Une seconde partie vise à améliorer la performance énergétique des constructions, en abaissant de 30% leurs besoins climatiques conventionnels (Bbio, besoins en énergie pour le chauffage et l’éclairage artificiel), tout en ajoutant un indicateur sur le confort d’été, concernant les besoins de refroidissement. Sur ce dernier point, deux seuils sont fixés : un maximum qu’il sera interdit de dépasser, et un minimum idéal, en-dessous duquel le bâtiment n’aura pas du tout besoin de climatisation.

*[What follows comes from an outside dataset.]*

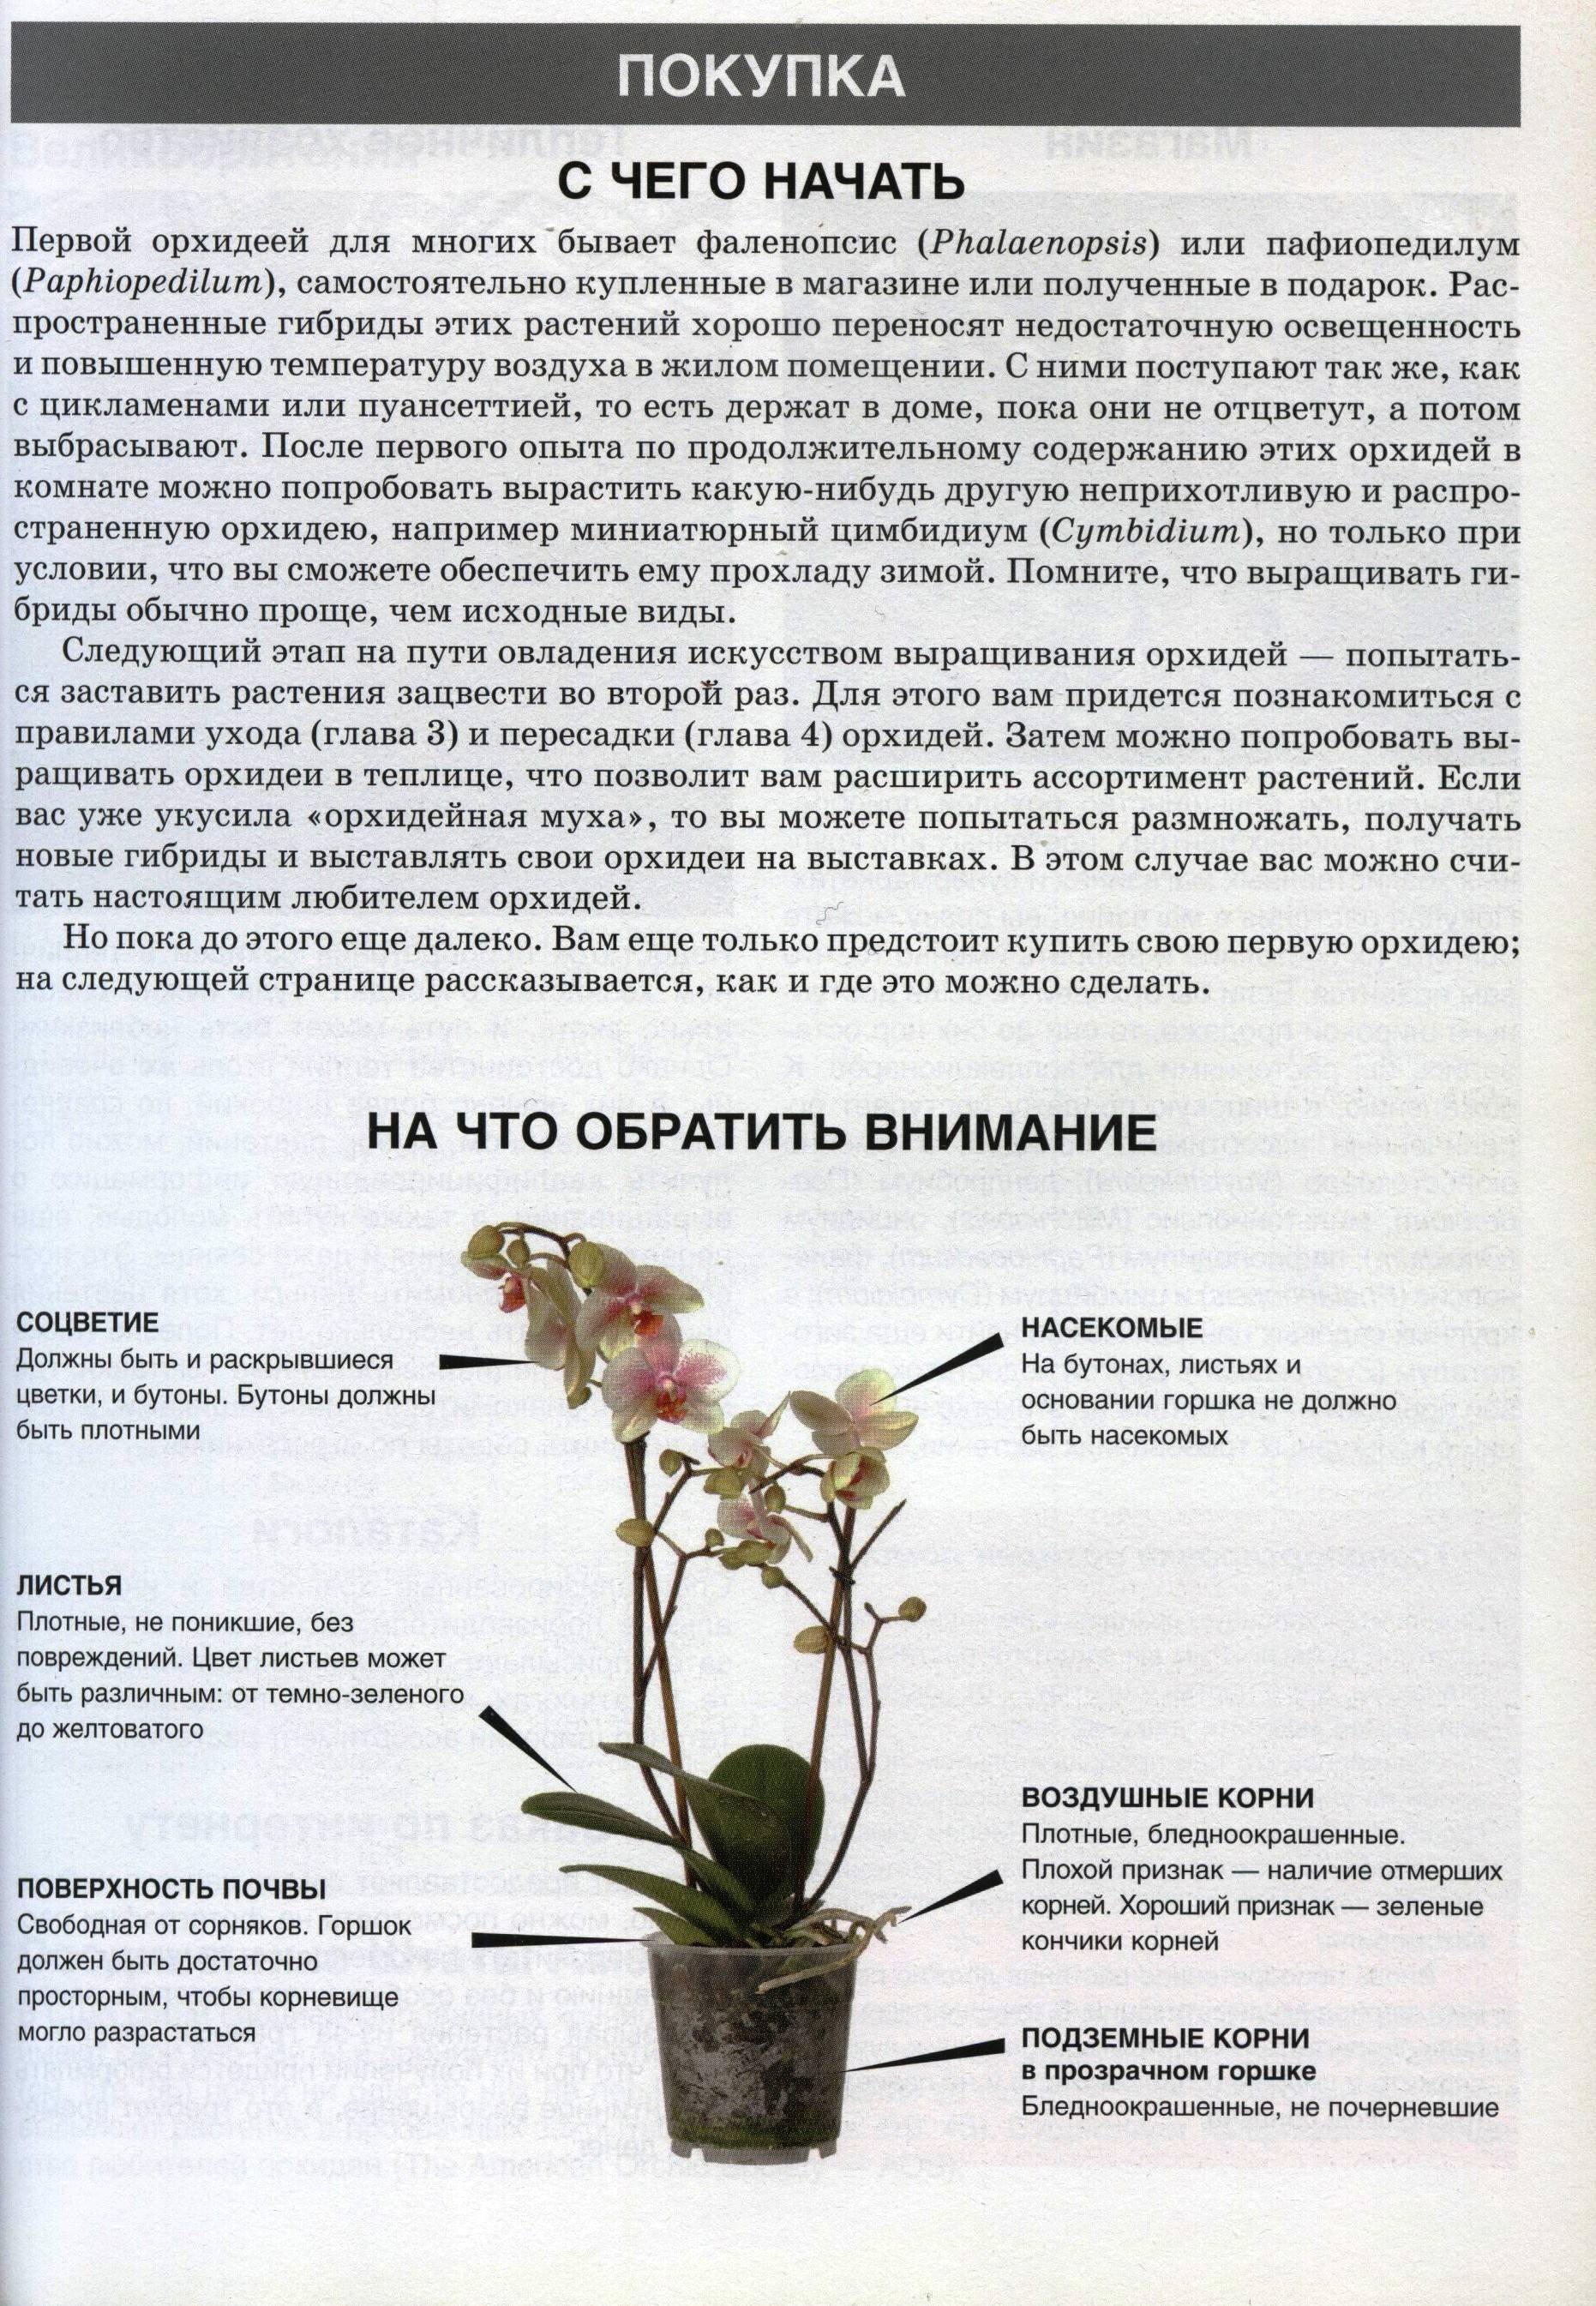 Орхидея фаленопсис: уход в домашних условиях, пересадка и размножение, правила полива - sadovnikam.ru

Cet indicateur va notamment encourager à épaissir les isolations, réduire les ponts thermiques et choisir des matériaux plus isolants, mesure qui sera vraisemblablement aussi en faveur des biosourcés.
Malgré l’ambition notable de cette réglementation, qui annonce de véritables transformations des habitudes de construction, on ne peut que déplorer que ces exigences ne concernent pas la rénovation, alors qu’elle devrait être au cœur des préoccupations pour assurer la cohérence de la politique de Zéro Artificialisation Nette (ZAN) menée parallèlement. Il ne reste qu’à espérer que des précurseurs prennent l’initiative de se saisir du sujet sans attendre une tardive réglementation.